Further, the stitch unit is in a net shape with a rectangular outline.
Further, the start needle dropping point and the end needle dropping point of the stitch unit are respectively positioned at the centers of the contour lines of the two opposite stitch units.
Further, the start needle dropping point and the end needle dropping point of the stitch are uniformly distributed on the contour lines of the two opposite stitch units.
Further, the stitch unit includes four sub-stitch units in an x shape and arranged clockwise, and a start point of each sub-stitch unit is an end point of a previous sub-stitch unit.

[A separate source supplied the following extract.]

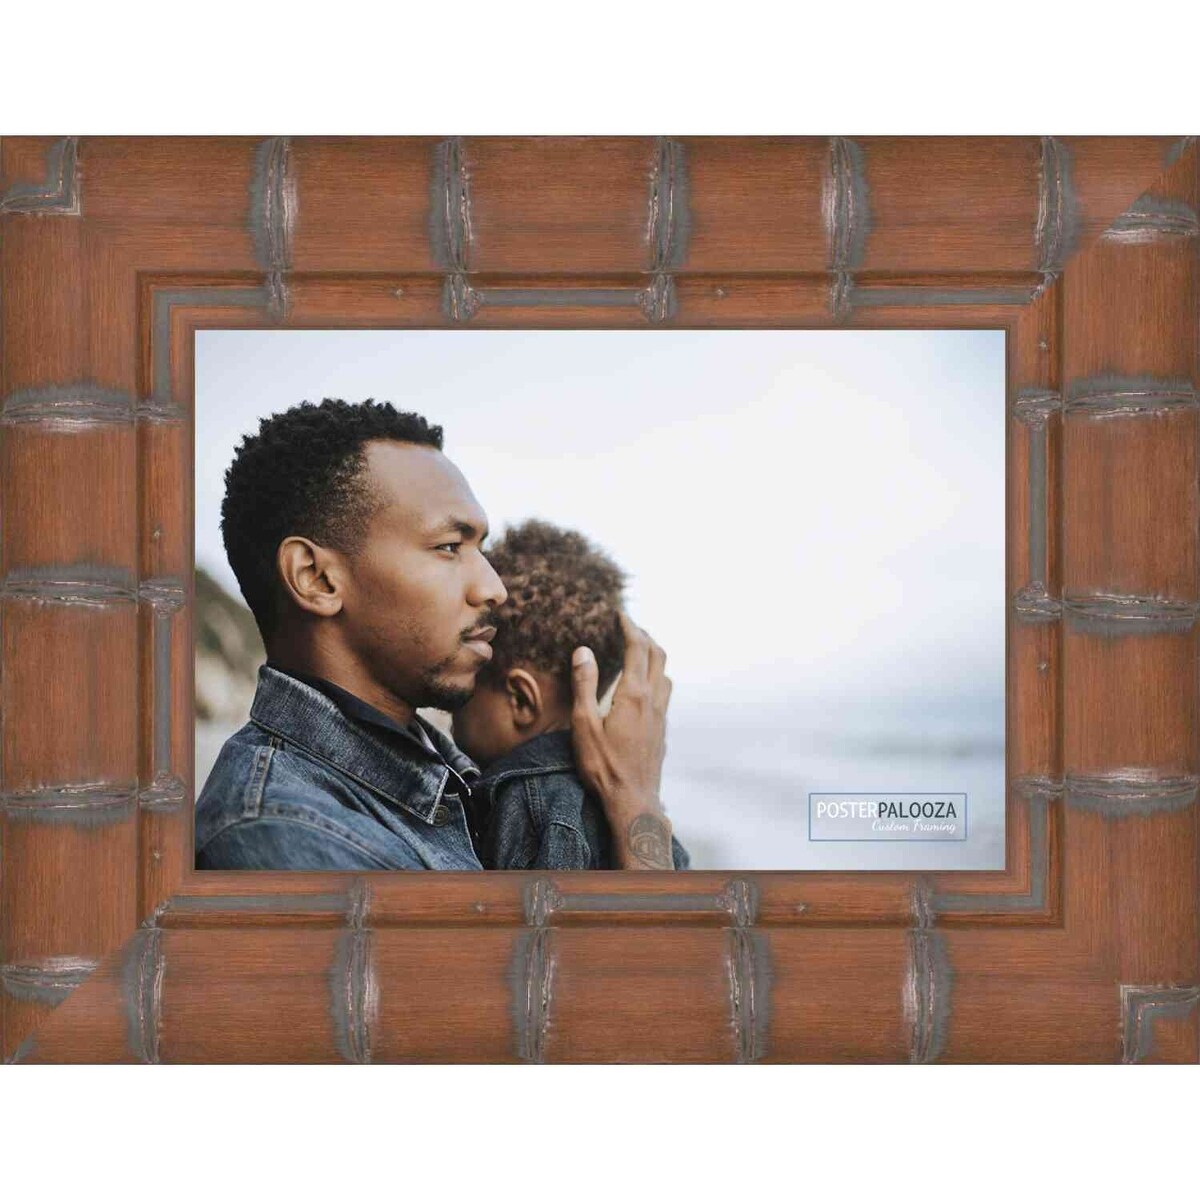 6x10 Bamboo Walnut Complete Wood Picture Frame with UV Acrylic, Foam Board  Backing, & Hardware - Bed Bath & Beyond - 38583010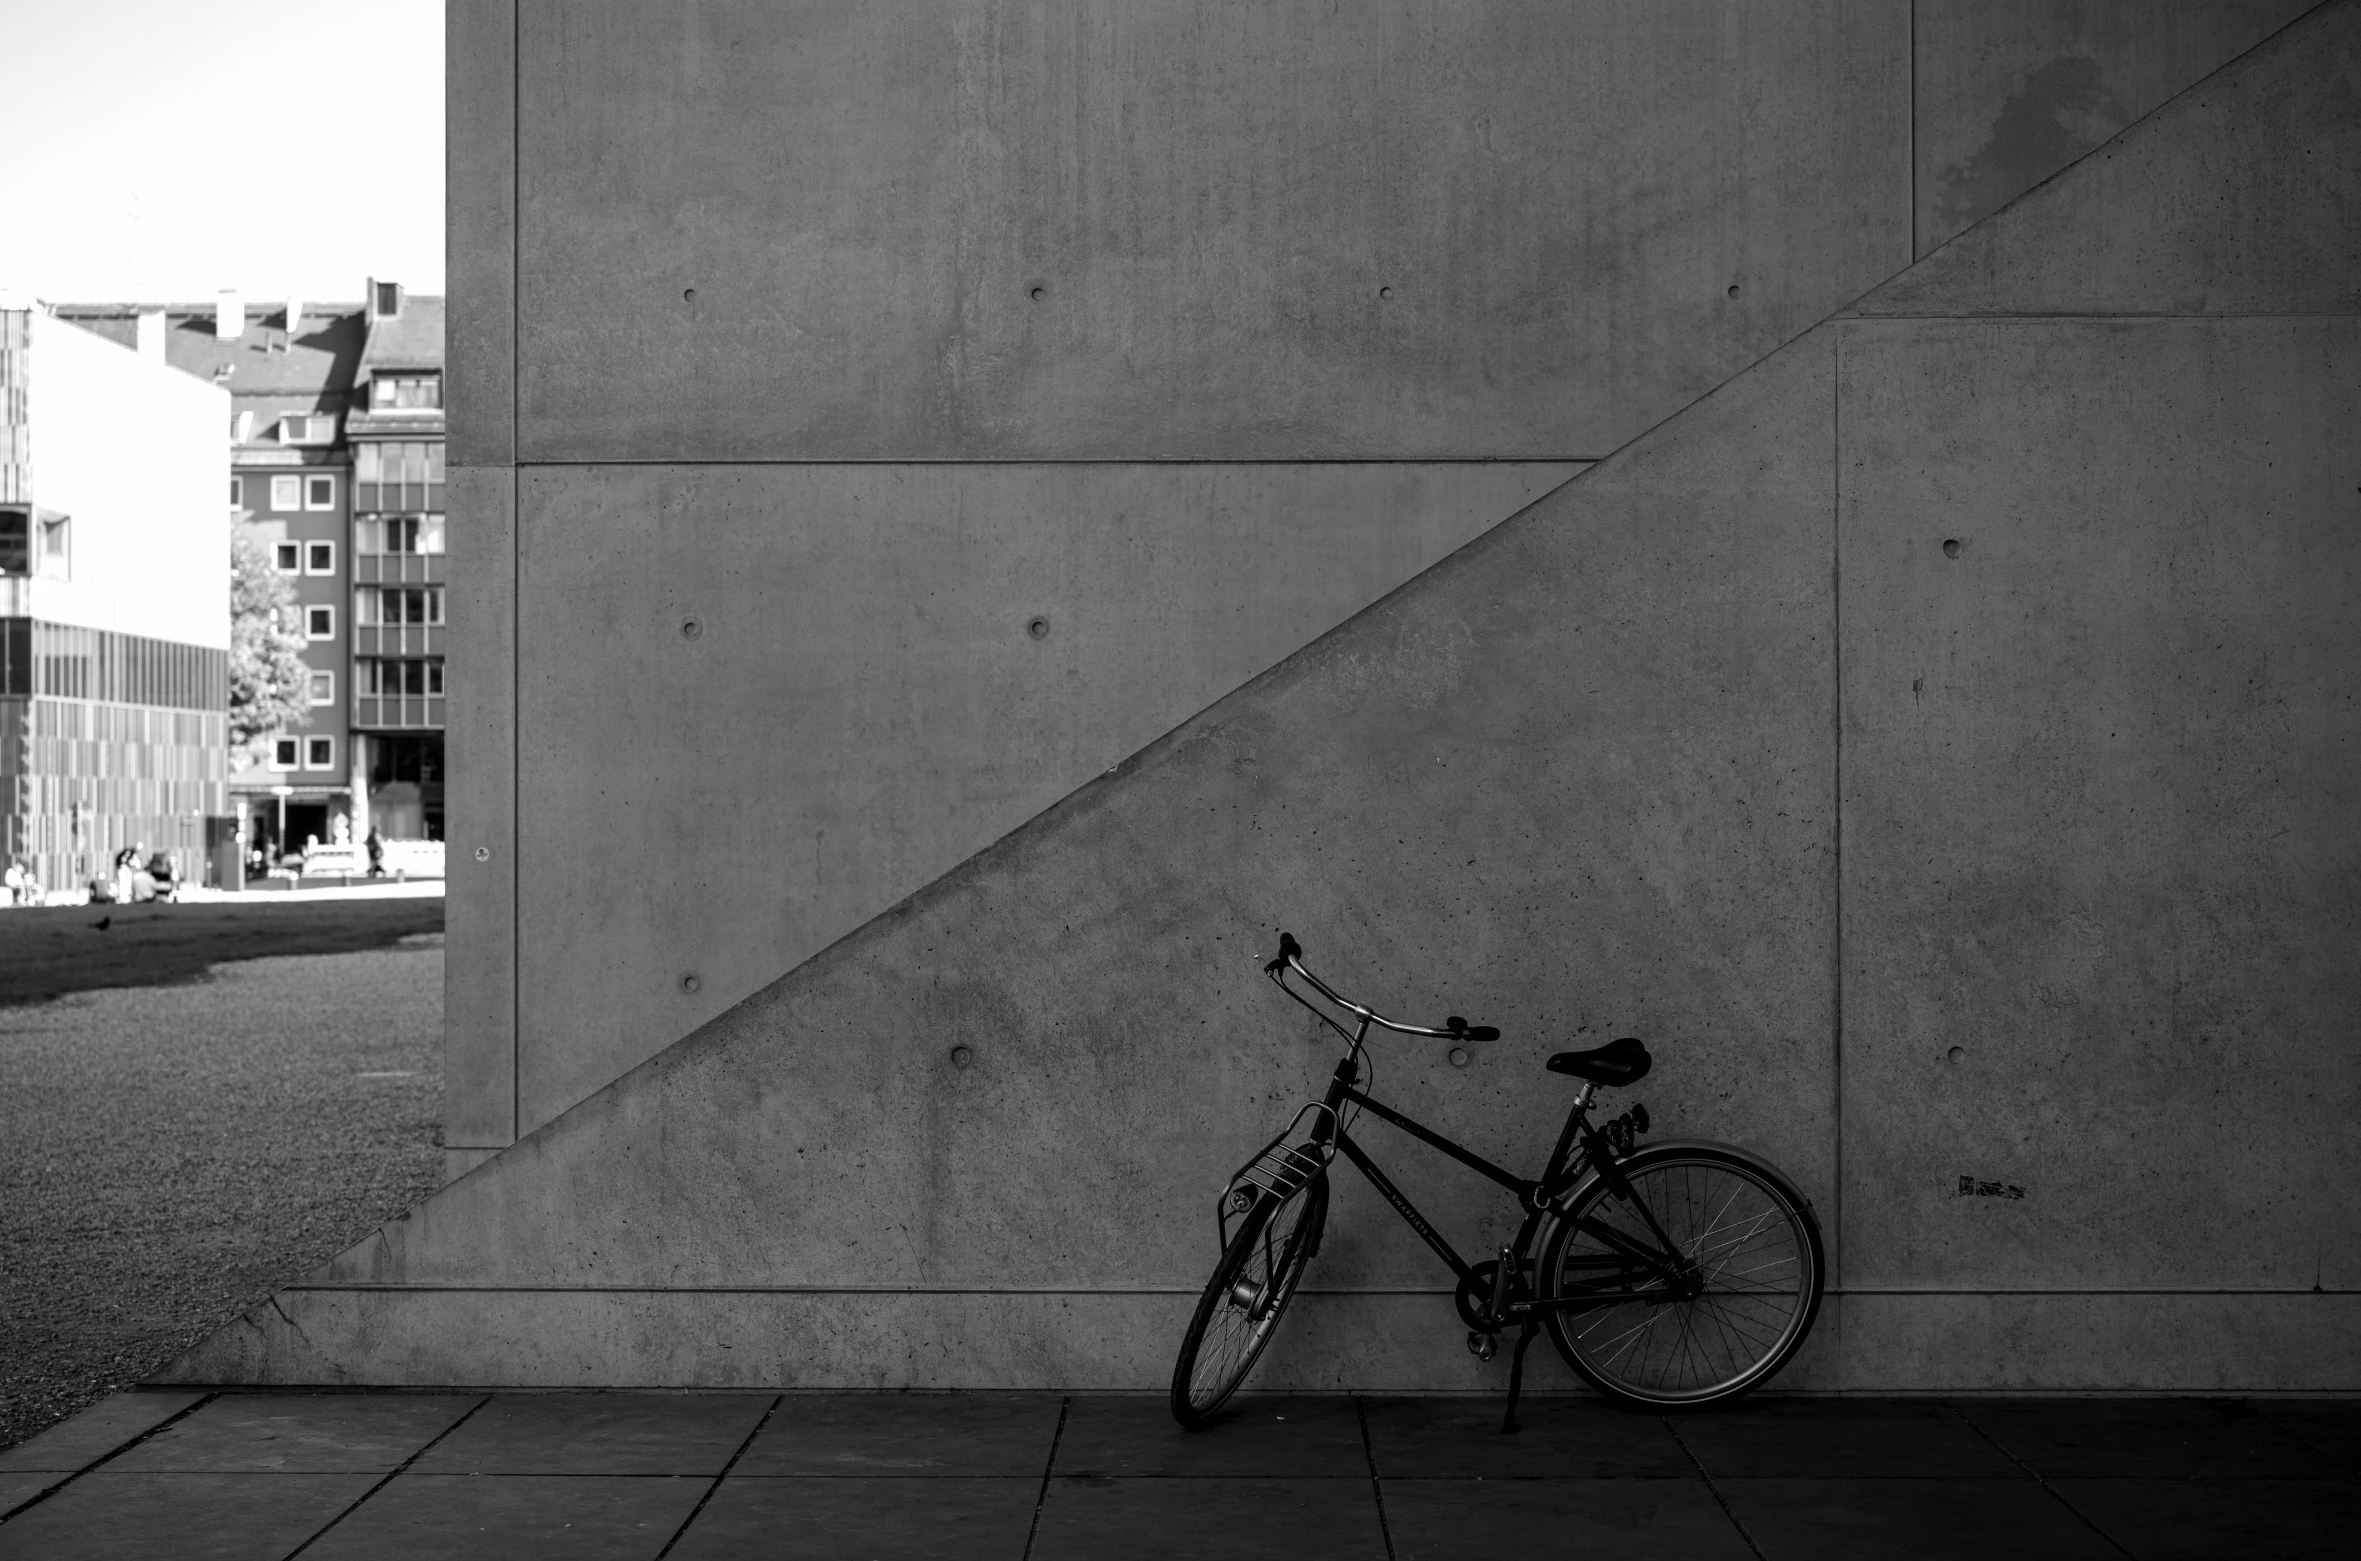 a bicycle leaning against the wall in a city

Further, the trace in the sub-trace unit overlaps at least one other trace in the same sub-trace unit.
Advantageous effects
Due to the adoption of the technical scheme, compared with the prior art, the invention has the following advantages and positive effects:
(1) By adjusting the bottom thread tension and the top thread tension, the loose top thread is pulled to the back surface of the embroidery cloth by the tight bottom thread, and the joint formed by twisting the top thread and the bottom thread is formed on the back surface of the embroidery cloth, so that only one top thread is arranged under the track of the top thread trace of the embroidery cloth, and the bottom thread and the two top threads twisted with the bottom thread are arranged under the track of the back surface trace of the embroidery cloth, so that the embroidery threads are extruded and stacked on the back surface of the embroidery cloth to form a three-dimensional effect;
(2) The embroidery machine can apply pressure to the embroidery cloth and embroidery threads in the reverse direction of the embroidery cloth when the embroidery machine falls down the embroidery threads each time, the embroidery cloth can be slightly raised to the reverse side when the embroidery machine falls down the embroidery threads each time, and the pushing of the embroidery threads by the embroidery machine and the embroidery threads by the embroidery machine needle and the embroidery presser foot counteracts partial force of the bottom threads pulled to the front side of the embroidery cloth, so that the reverse side of the embroidery cloth is used as the front side of the embroidery product, and a high-stereoscopic effect is easier to obtain;
(3) The stitch unit is designed to be in a fold line shape, the upper thread is pulled to the back surface of the embroidery cloth more by matching with the trend of the fold line, and when the bottom thread tension is constant, the smaller the fold line included angle is, the larger the pulling force applied to the upper thread is, and the more the upper thread is pulled to the back surface of the embroidery cloth. When the tension difference between the upper thread and the lower thread is extremely large and the included angle of the fold line is close to 0 DEG, the lower thread consumption is extremely reduced, and the trace track on the back surface of the embroidery cloth is almost filled by the two upper threads;
(4) The stitch gap is reduced to be close to or smaller than the stitch fineness, so that the stitch is extruded in a horizontal space to bulge towards a vertical space, and then the stitch layers are overlapped to cause accumulation in the vertical space, so that the effect of high three-dimensional degree is achieved.
Drawings
FIG. 1 is a flow chart of a first embodiment of the present invention;
FIG. 2 is a schematic view of a sample reference line according to a first embodiment of the present invention;
FIG. 3 is a diagram of a mesh trace element according to a first embodiment of the present invention;
FIG. 4 is a sample view of the first embodiment of the present invention;
FIG. 5 is a comparison of parameters related to a sample embroidery in a first embodiment of the invention;
FIG. 6 is a diagram of a seedling embroidered product in a second embodiment of the invention;
FIG. 7 is a schematic diagram of a pattern reference line according to a second embodiment of the present invention;
FIG. 8 is a schematic diagram of a stitch unit for simulated plaiting in a second embodiment of the invention;
fig. 9 is a diagram of a digital embroidery textile according to a second embodiment of the present invention.
Detailed Description
The invention will be further illustrated with reference to specific examples. It is to be understood that these examples are illustrative of the present invention and are not intended to limit the scope of the present invention. Further, it is understood that various changes and modifications may be made by those skilled in the art after reading the teachings of the present invention, and such equivalents are intended to fall within the scope of the claims appended hereto.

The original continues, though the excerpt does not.